Может ли вампир ошибиться в том, что людских поселений в округе нет? Вот уж вряд ли.

— Хочешь, мы потом у Лоу спросим, он у нас любитель всевозможных человеческих древностей, и друзей у него много с теми же интересами, — продолжает меж тем Анхен, не отрывая взгляда от маленькой фигурки. — Они нам про эту птичку все расскажут — и из чего она сделана, и когда, и зачем.

— Нам?

— Ну, мне ведь тоже интересно.

Ему? Эта нелепая человеческая птичка? Хотя… если я три дня лежала в бреду, вспоминая только о ней, а он сидел надо мной, вот такой нечесаный… И крутил в руках эту птичку. От грязи ее отмывал, рассматривал… Вот интересно, о чем он думал, рассматривая работу тех, кто для него — не более, чем дикари?
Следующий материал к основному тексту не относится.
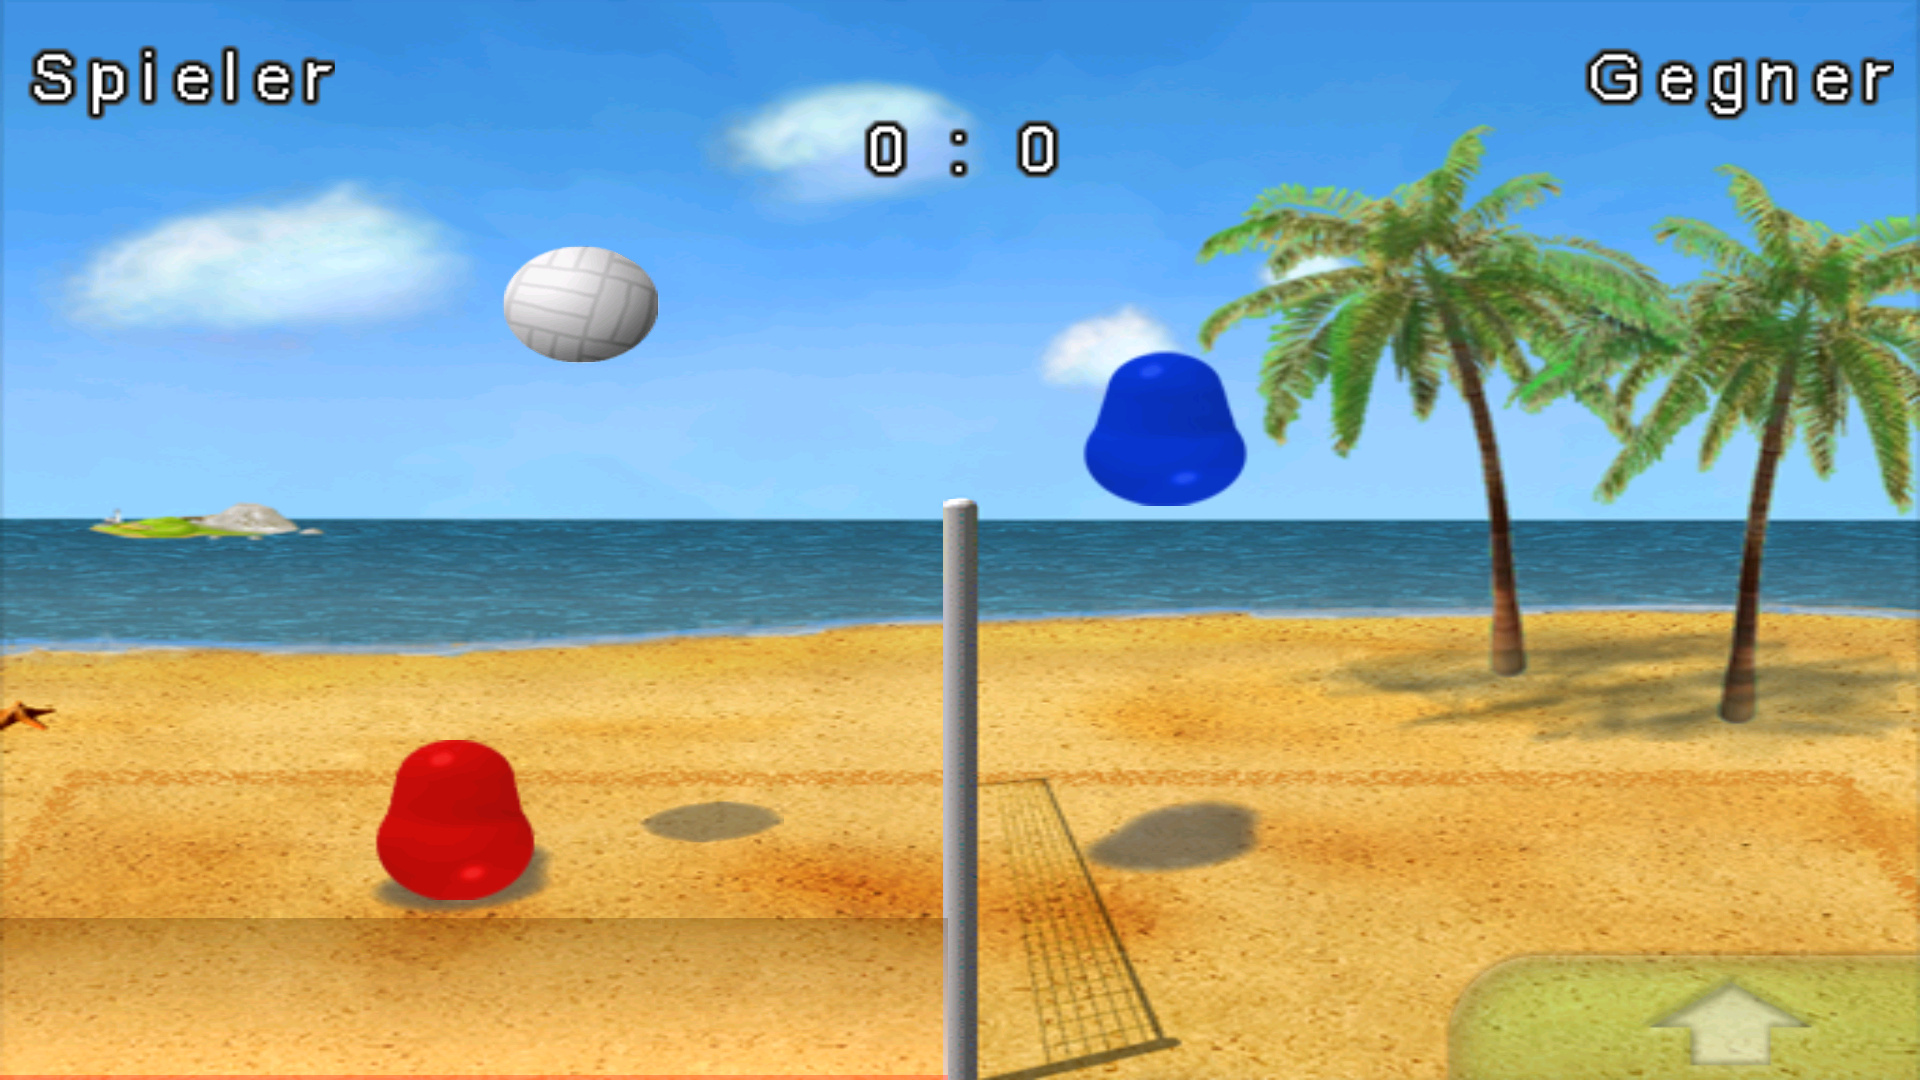 Игра мяч на 2 игрока. Игра пляжный волейбол желе. Игра Blobby Volleyball. Blobby Volley 2. Игра волейбол желе.

Были, есть и будут. А я для него кто? Та же дикарка, только в одежде? Понял ли он, что значила эта вещь для меня? И что она значит для него?

Провожу рукой по его волосам, зарываюсь в них пальцами, запутываюсь.

— Ну вот, меня переодевал, причесывал, а себя забыл? Дай расческу, хоть волосы тебе расчешу…

— Простите, светлейшая дева, я не знал, что вы изволите очнуться именно сейчас, не подготовился. Платья парадного не одел, бантик в волосах не заколол.

— Какой еще… бантик? — фыркаю я. Нет, платьице его я, конечно, видала, Но бантик там в комплекте не шел. Кажется.

— Какой захочешь.

А голос усталый, тусклый И плечи такие… поникшие. А я ведь его разбудила. Выспаться не дала.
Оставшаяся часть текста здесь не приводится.